I have a very simple tattoo on my left wrist. It reads “Inspire” with an arrow to remind myself to keep moving forward; especially when moving feels impossible. I’m reminded of this as I think about the strength that Solcana has brought into my life – mentally and physically. When I think about it, my path to Solcana has been a long, 33 year journey.
The anchor of my journey is my legs, so let’s talk about my legs. Yes, this is a weird thing to talk about, but it’s very important for me and my story. I grew up playing soccer and was obsessed with the sport and played year round. Soccer is fairly impossible without your legs and to that end, I had (and still have) very substantial ones. It was in seventh grade that my legs became my enemy. I was teased because of the size of my legs and some mean girls claimed my legs represented the fat in sausage. It was embarrassing and sad for me; and so started my many years of hating my legs. I refused (and still do, if I’m being completely honest) to wear shorts, avoided any situation where I would have bare legs. It wasn’t until recently that I became brave enough to wear dresses without tights. I carried this weight on my shoulders up until I joined Solcana.
My friend Jenn is also a coach at Solcana and I saw a post about the Body Adapt class. I immediately texted Jenn and asked her if I would die and if there would be jokes if I joined this class. Obviously I didn’t die and I had lots of great laughs in the class. It was probably the best present my husband could have given me for Christmas last year.

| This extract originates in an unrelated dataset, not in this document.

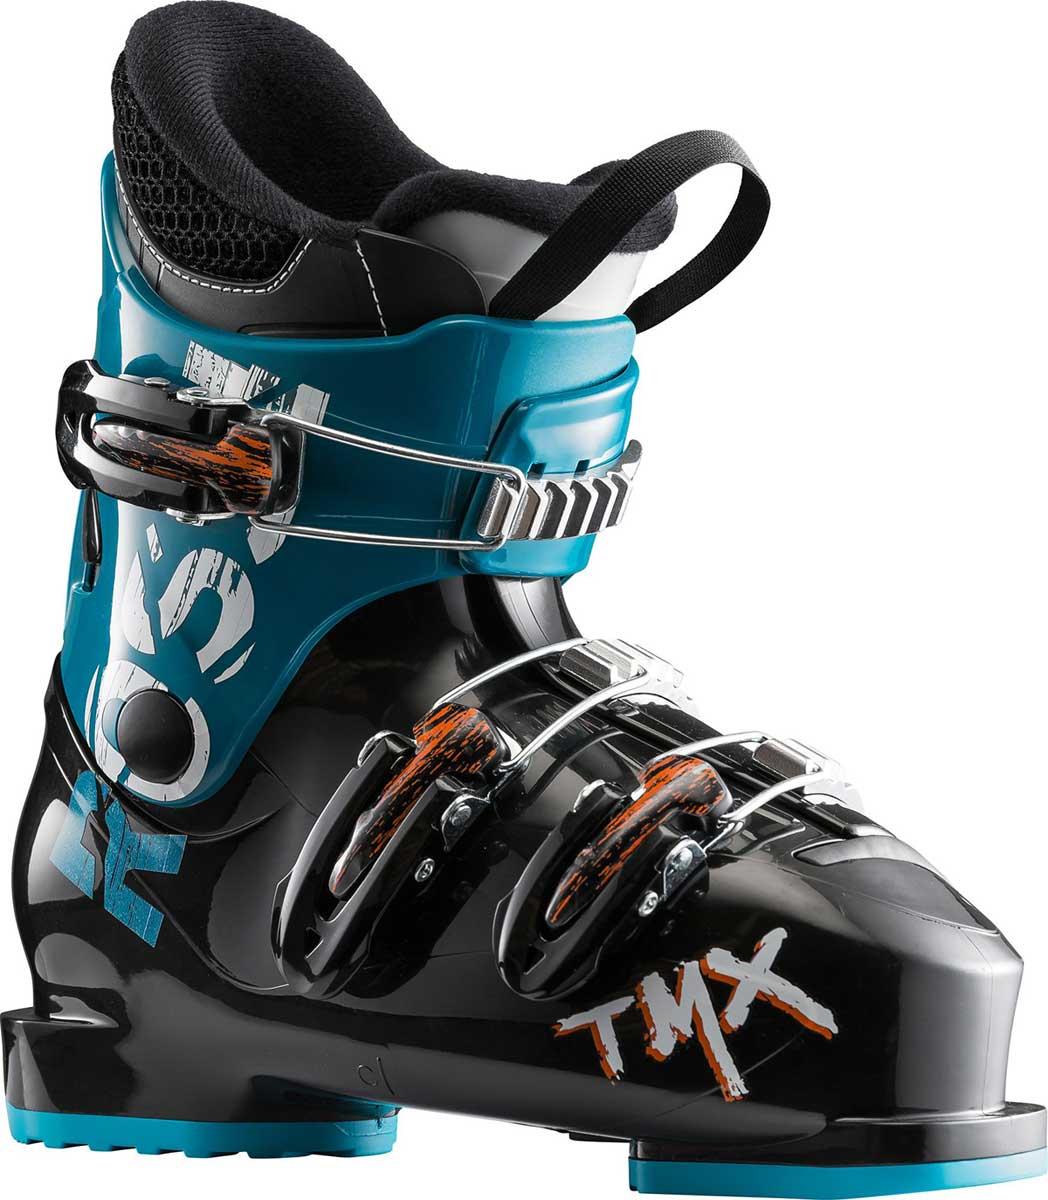 【10月10日限定!Wエントリーでポイント15倍】ROSSIGNOL(ロシニョール) RBH5110 TMX J3 スキーブーツ ジュニア 子供用【SALE】

Here is what I’ve learned since joining Solcana: MY LEGS ARE BEAUTIFUL AND WONDERFUL BEASTS THAT ARE SO STRONG. Solcana has given me a community where I am able to celebrate what was once my weakness. But is now my strength. I have learned with weightlifting, my legs are the pillar that allow me to lift weights above my head, allow me to squat oh so beautifully down to the floor. My legs carry me through metcons and they are the means that allow me to hit new personal records and be proud of everything I do when I step into the gym for a workout.
Don’t get me wrong, I have a long way to go and perhaps someday I’ll even wear shorts; but there are times, after I’ve showered in the morning or after I workout and I look at my legs and I think, “You massive beasts, thank you for being so strong.”
On the days when I don’t think I can muster up the energy and strength to work out, I glance at my left wrist to remind myself to keep going and my legs carry me and prove that I am capable, strong and have come a long way since I joined this beautiful community in January.